To integrate functions involving $e^x$, $\cos x$, and $\sin x$, use integration by parts and simplify the result step by step. Don't forget the constant of integration, $C$.
We are given the integral:
\[
\int e^x (\cos x - \sin x) \, dx.
\]
To solve this, we can split the integral into two parts:
\[
\int e^x \cos x \, dx - \int e^x \sin x \, dx.
\]
Now, we can solve each of these integrals using integration by parts. Recall the formula for integration by parts:
\[
\int u \, dv = uv - \int v \, du.
\]
First Integral: $\int e^x \cos x \, dx$
Let:
- $u = \cos x \quad \text{and} \quad dv = e^x \, dx$,
so that:
- $du = -\sin x \, dx \quad \text{and} \quad v = e^x$.

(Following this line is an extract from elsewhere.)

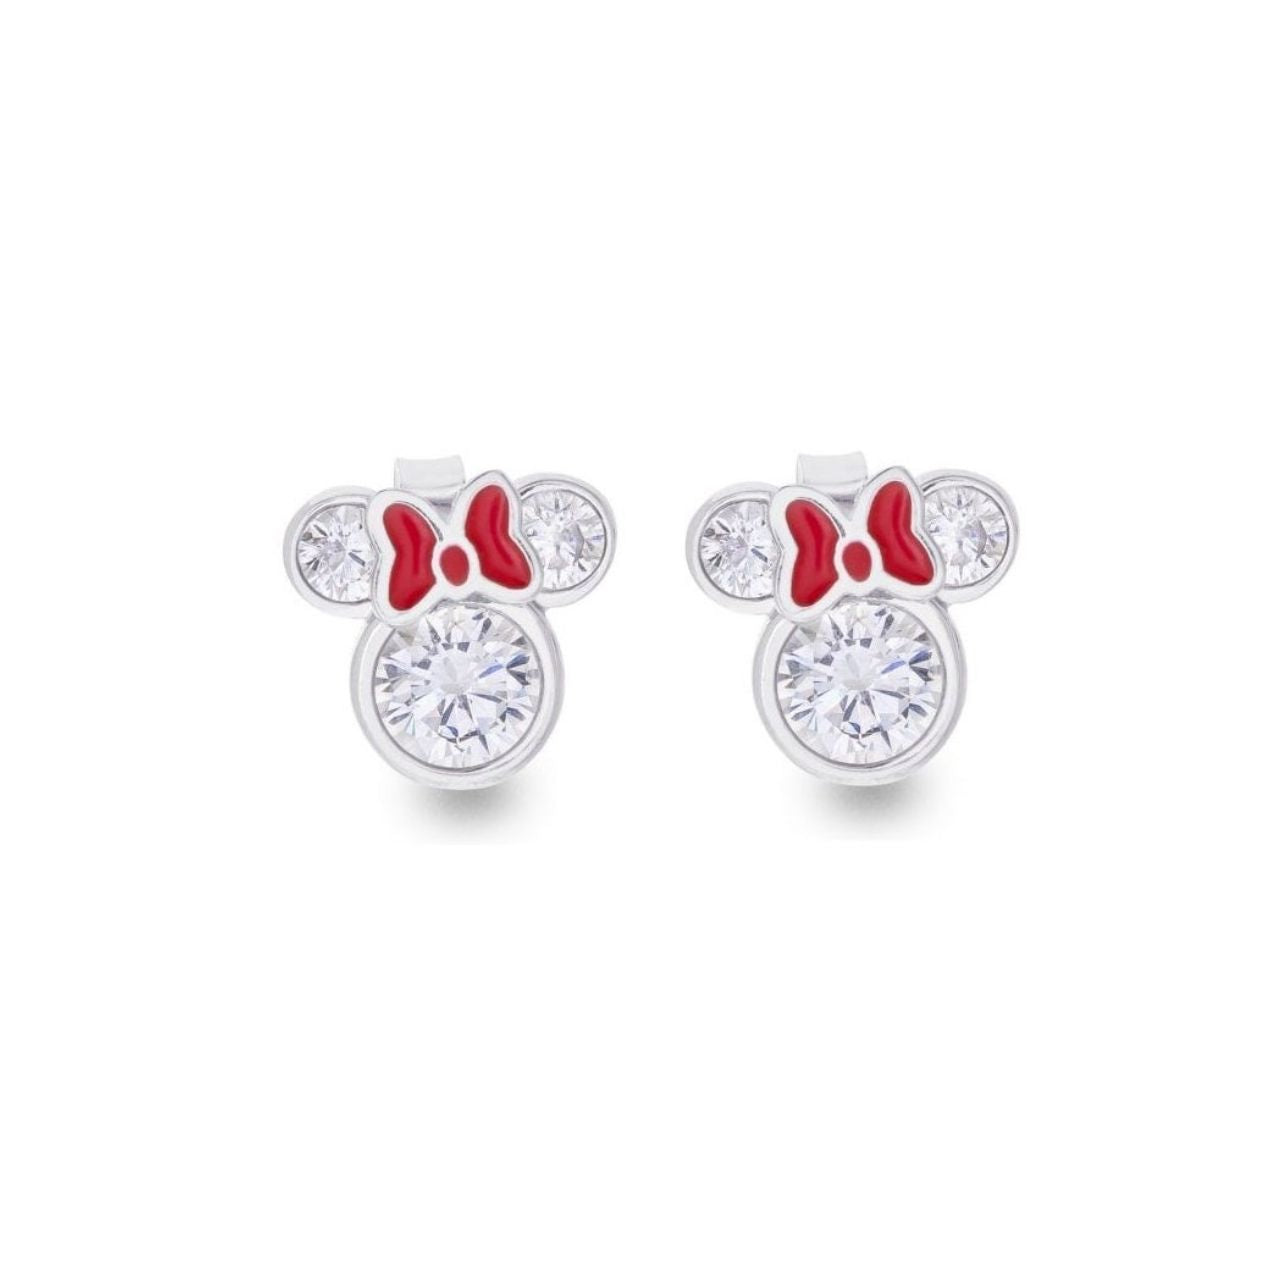 Peers Hardy Disney Minnie Mouse Sterling Silver CZ Crystals With Red Bow Stud Earrings  Very pretty and charming Minnie Mouse shaped earrings with Cubic Zirconia stones that gives them a diamond like sparkle for a classy and sophisticated look with a beautiful bright red bow.  Trendy and fashionable design, the Disney Minnie Mouse Cz Crystal Silver Stud Earrings add a chic, fun touch to any outfit.

Using the integration by parts formula:
\[
\int e^x \cos x \, dx = e^x \cos x - \int e^x (-\sin x) \, dx = e^x \cos x + \int e^x \sin x \, dx.
\]
Second Integral: $\int e^x \sin x \, dx$
Let:
- $u = \sin x \quad \text{and} \quad dv = e^x \, dx$,
so that:
- $du = \cos x \, dx \quad \text{and} \quad v = e^x$.
Using the integration by parts formula:
\[
\int e^x \sin x \, dx = e^x \sin x - \int e^x \cos x \, dx.
\]
Substituting Back
Now substitute the second integral into the expression for the first integral:
\[
\int e^x \cos x \, dx = e^x \cos x + \left( e^x \sin x - \int e^x \cos x \, dx \right).
\]
Simplifying:
\[
\int e^x \cos x \, dx + \int e^x \cos x \, dx = e^x \cos x + e^x \sin x,
\]
\[
2 \int e^x \cos x \, dx = e^x (\cos x + \sin x),
\]
\[
\int e^x \cos x \, dx = \frac{e^x (\cos x + \sin x)}{2}.
\]
Thus, the final integral is:
\[
\int e^x (\cos x - \sin x) \, dx = e^x \cos x + C.
\]